Q: Do people who’ve recovered from COVID-19 only need one dose of vaccine?

A: “I think they probably have been sort of primed, but at this time, I still recommend that they get both doses. Natural infection doesn't give you the same level of antibodies as vaccination, so that's why it's recommended that even if you had natural infection that you receive the vaccine.”

Q: Given that children aren’t yet eligible to be vaccinated, what would make returning to school safe for students and teachers?

A: “The first thing we need to do to return to school is make sure we have control of COVID in our communities, so we're seeing a lot of progress on that front in Los Angeles and nationally. For me, that's the most important thing. At this point, children have demonstrated that they can wear masks, that they can practice physical distancing, and we've also seen lots of data from the CDC demonstrating that children really aren’t vectors of disease. So to me, if we can continue to maintain low rates of transmission, then I think we can go back to school safely.”

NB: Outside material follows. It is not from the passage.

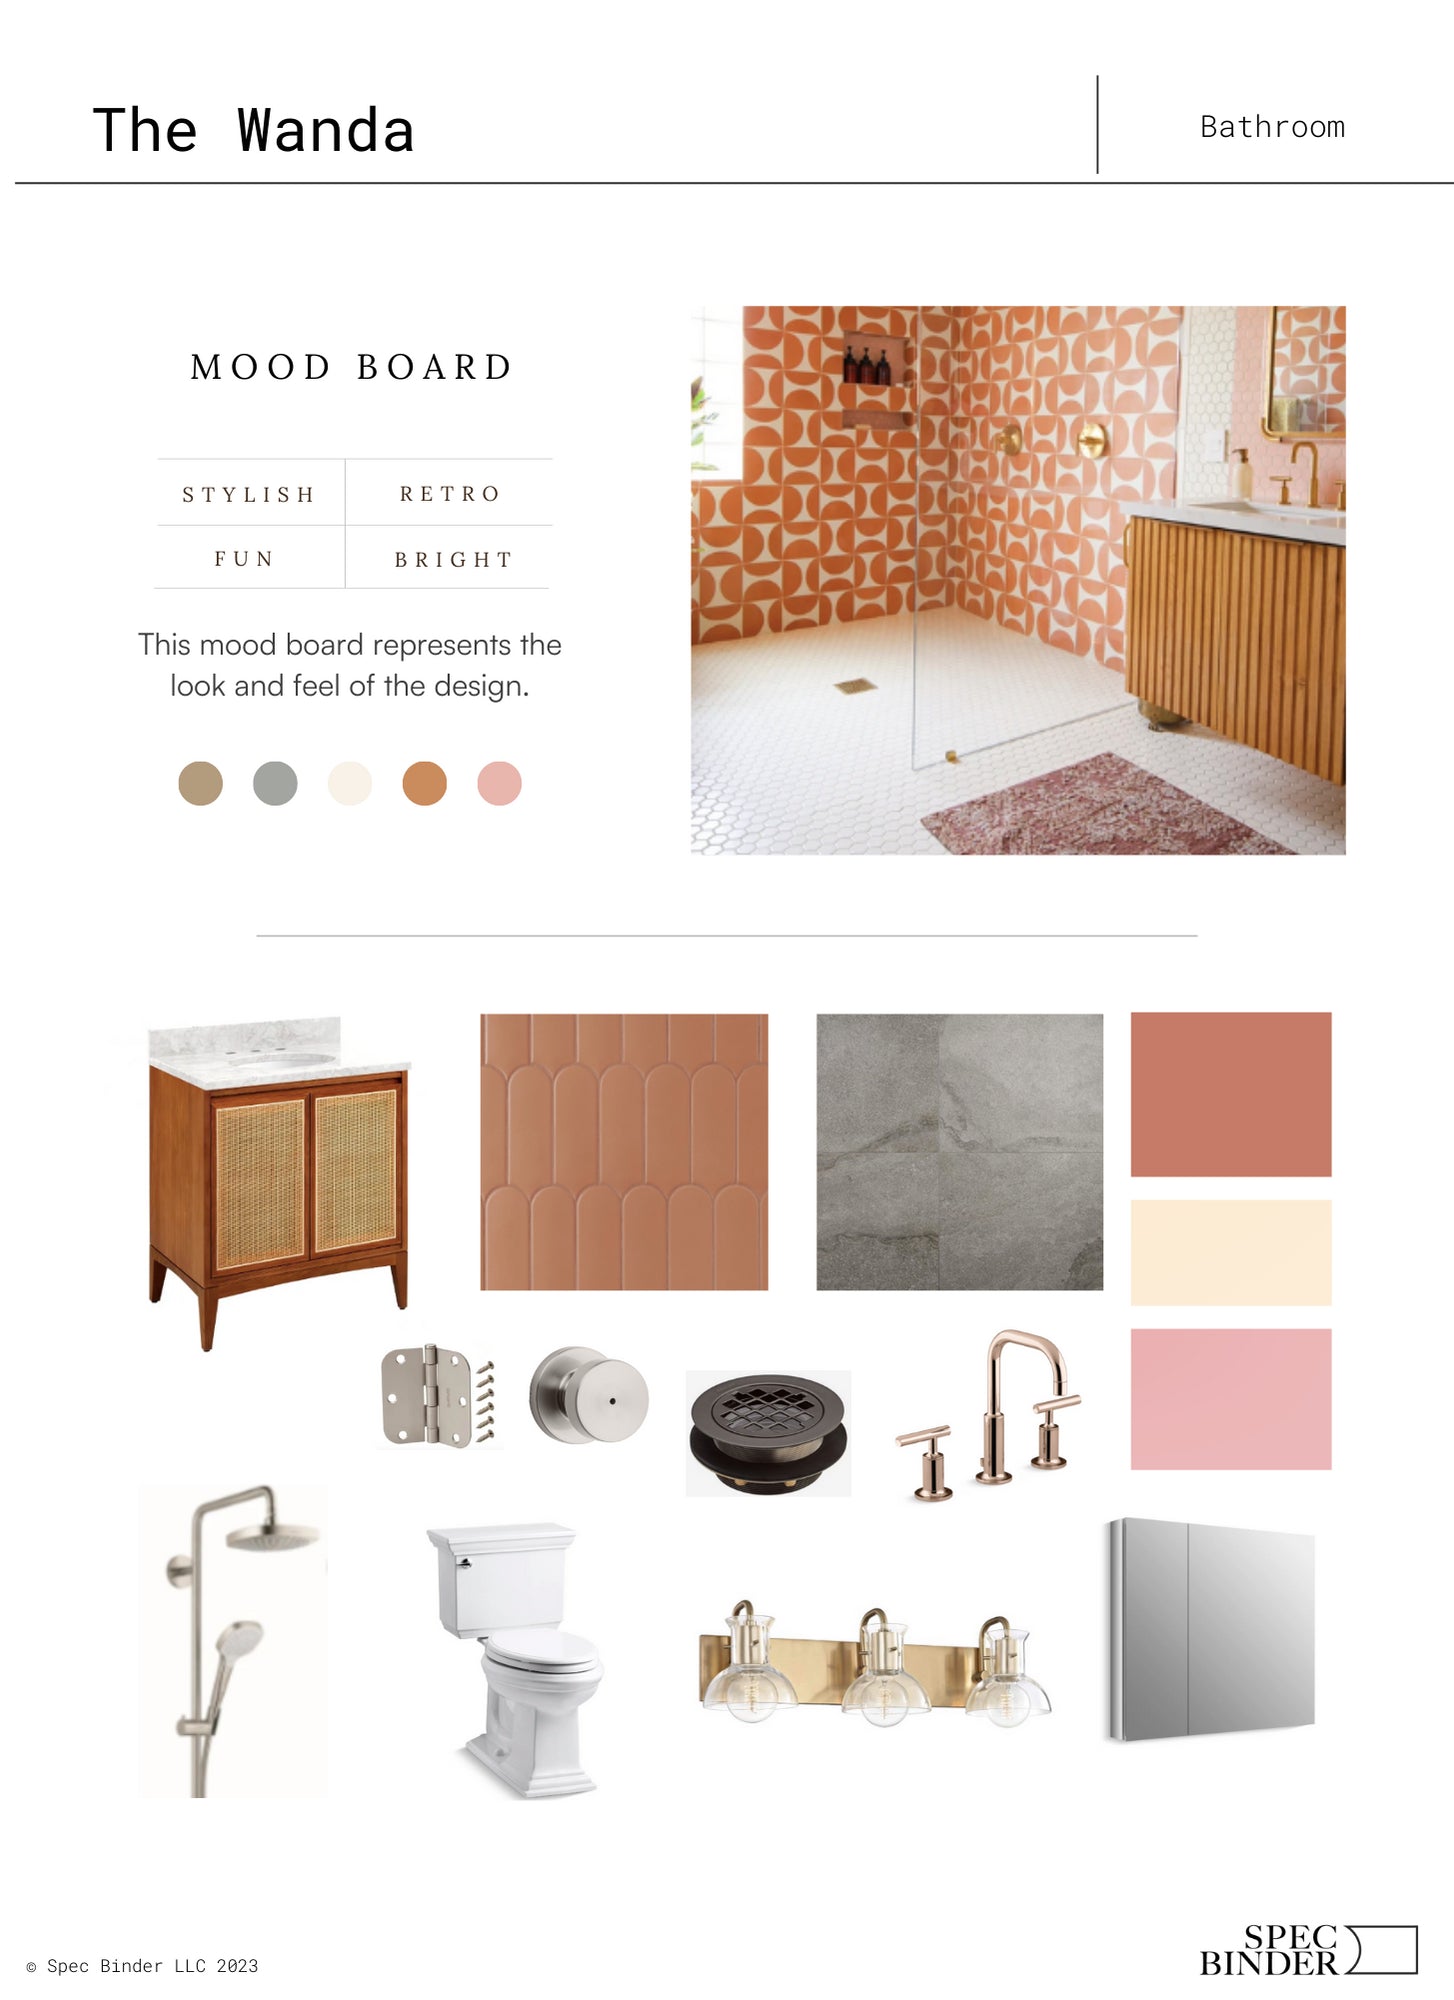 Moodboard image showing the look and feel of the design, featuring textures, patterns, colors, and finishing materials

Q: The vaccines are here, but will this pandemic ever really end?

A: “We all have to pitch in in order to help get ourselves out of it — until we have a significant portion of our population immunized, we won't be able to go back to normal. The long and short of it is that unfortunately we can't go back to normal right now, but eventually we will, if people just do their part: follow public health guidelines and get vaccinated when you can.”